Data segment »
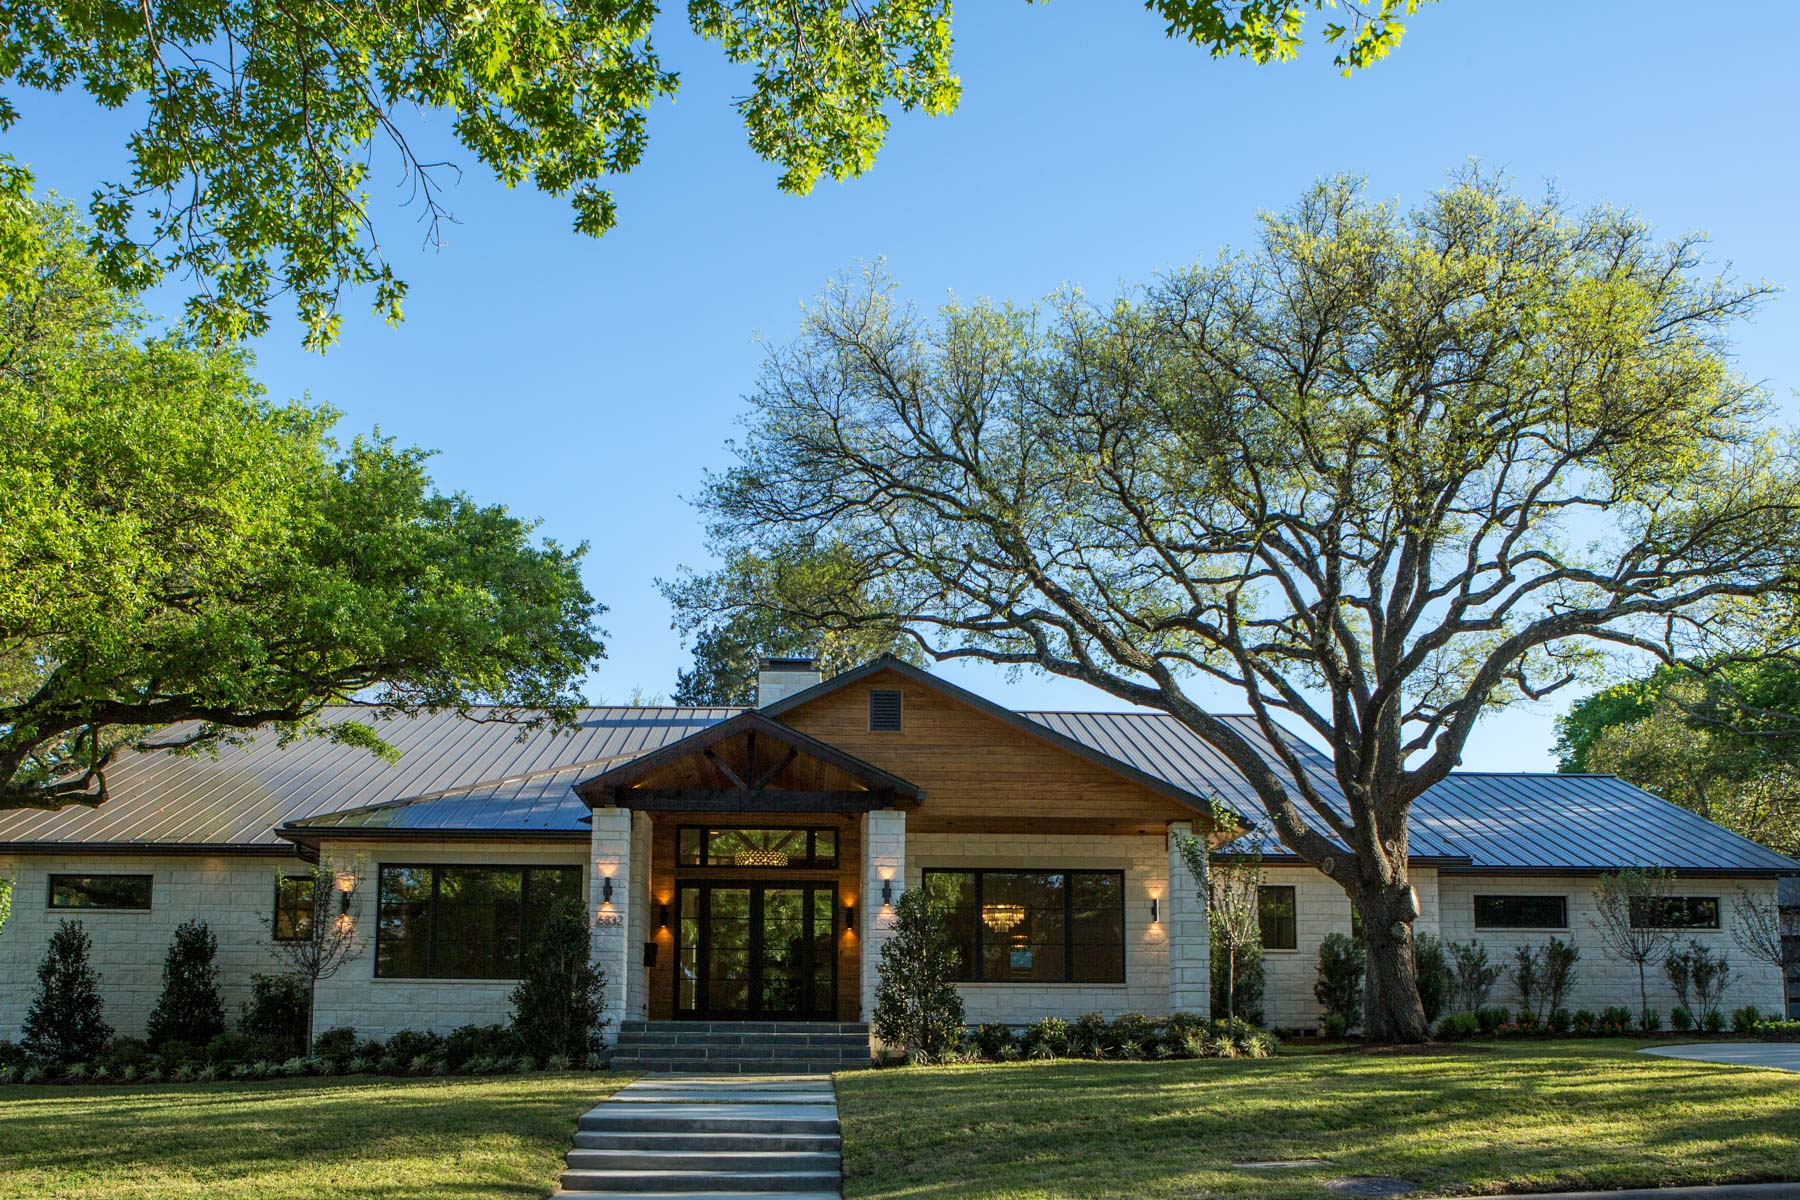 Single Family Home for Sale at 6832 Westlake Ave, Dallas Dallas, Texas, 75214 United States
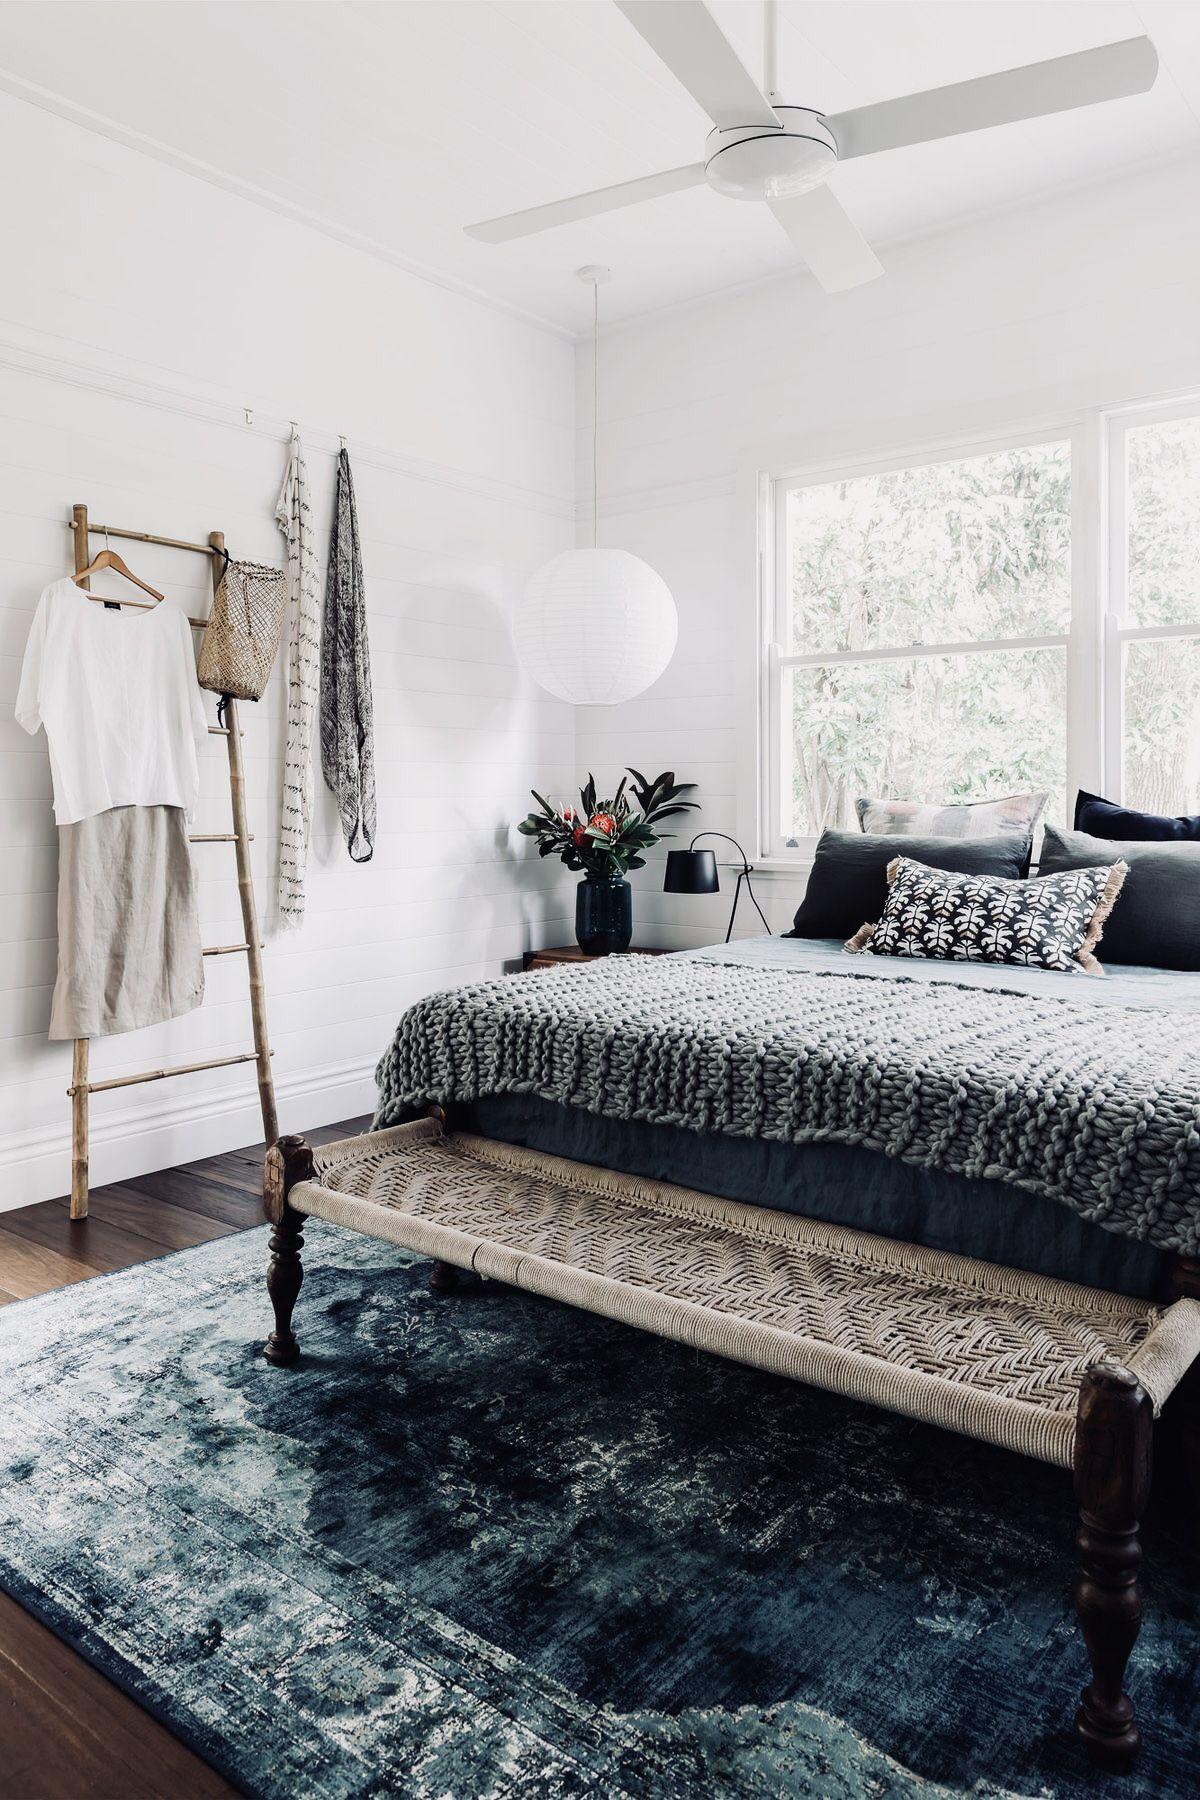 Pin by markela konstantinidou on interiors pinterest bedrooms
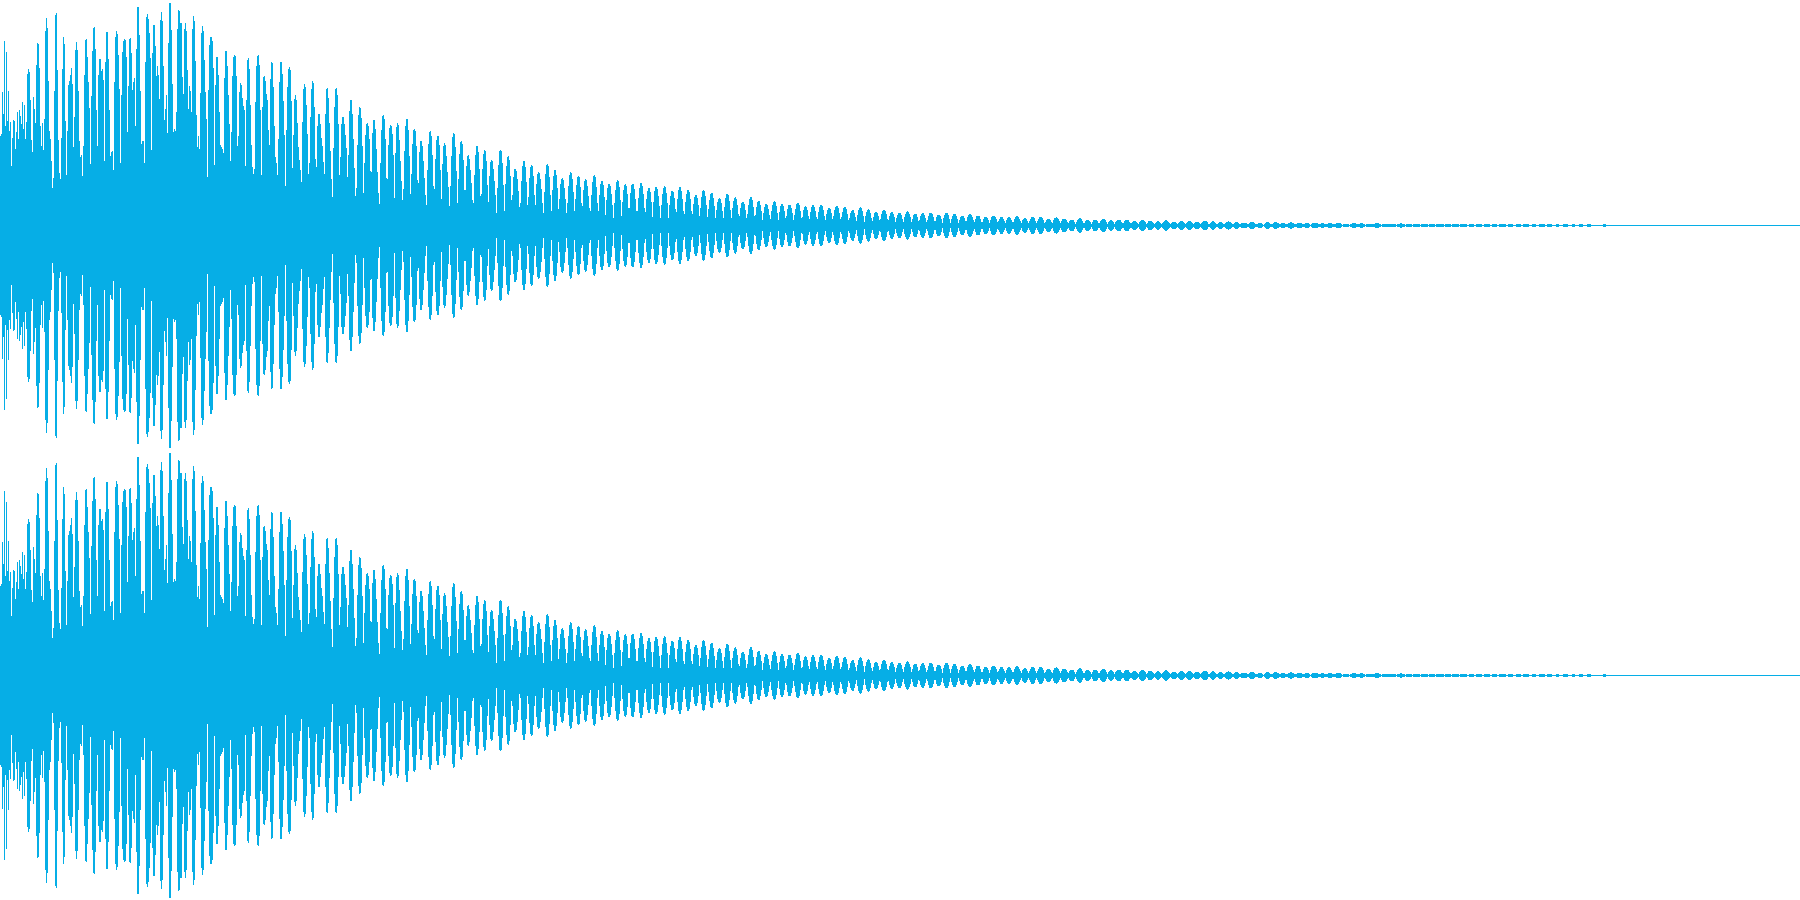 DTM Tom 13 オリジナル音源の再生済みの波形
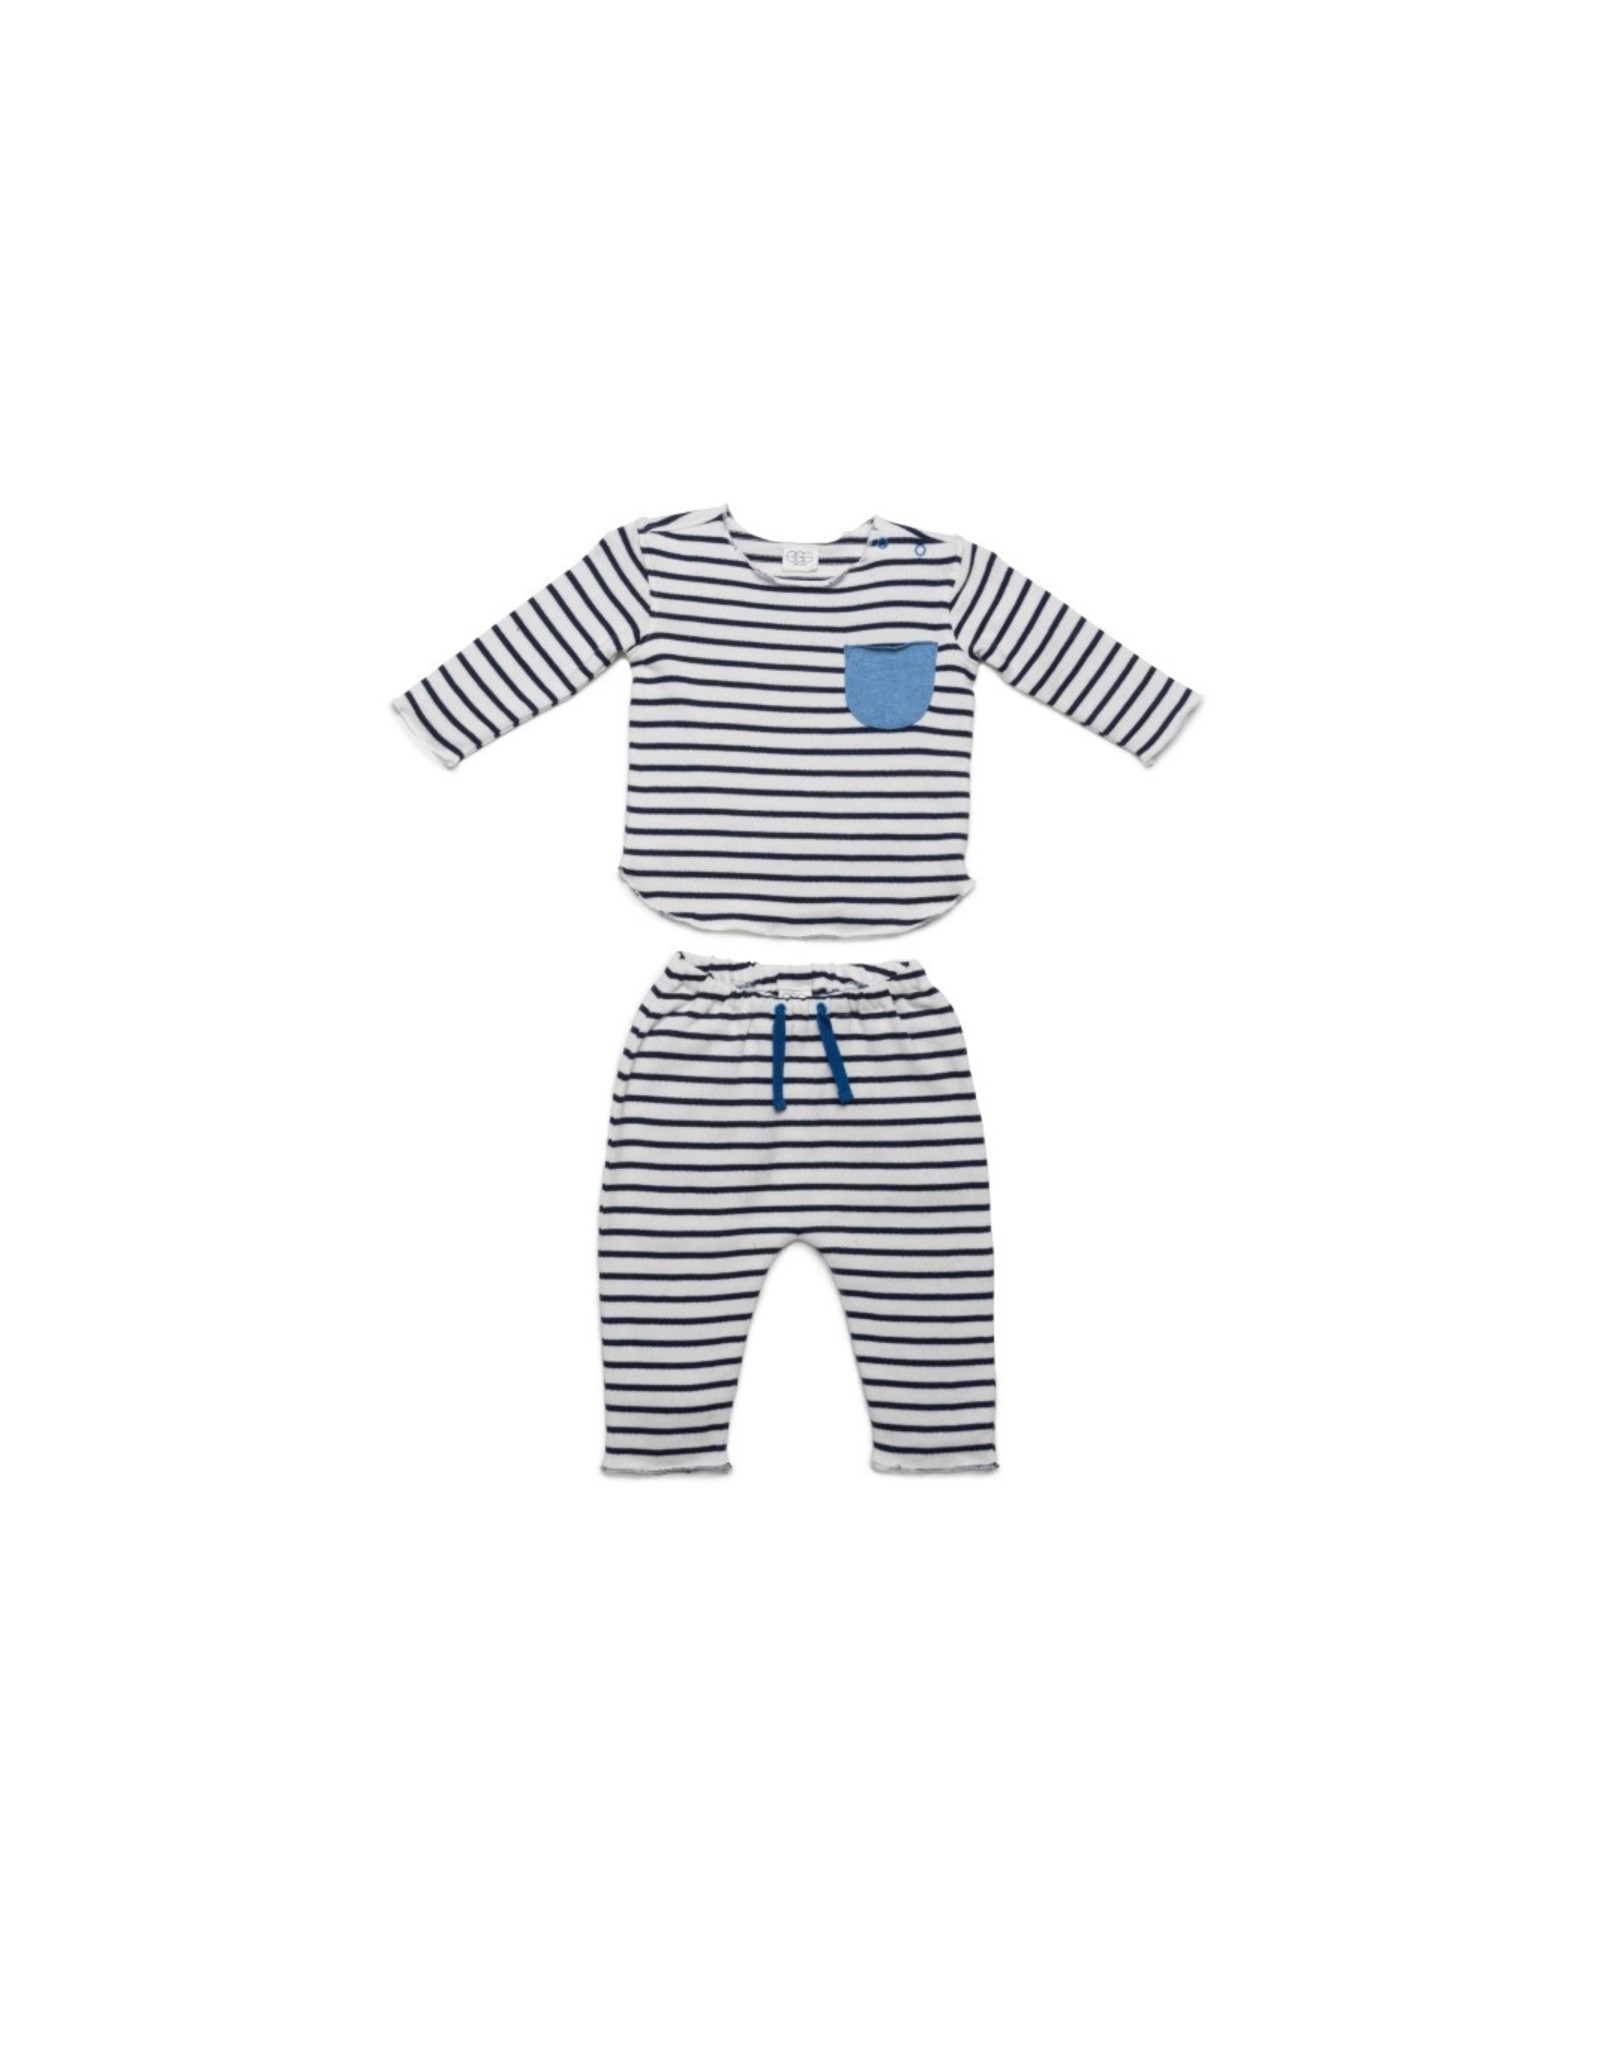 EGG EGG Bobbi Knit Set Blue Stripe

What is being asked »
Word for word, output the whole listing, but not its pictures.

Answer to the problem »
 Single Family Home for Sale at 6832 Westlake Ave, Dallas Dallas, Texas, 75214 United States
 Pin by markela konstantinidou on interiors pinterest bedrooms
 DTM Tom 13 オリジナル音源の再生済みの波形
 EGG EGG Bobbi Knit Set Blue Stripe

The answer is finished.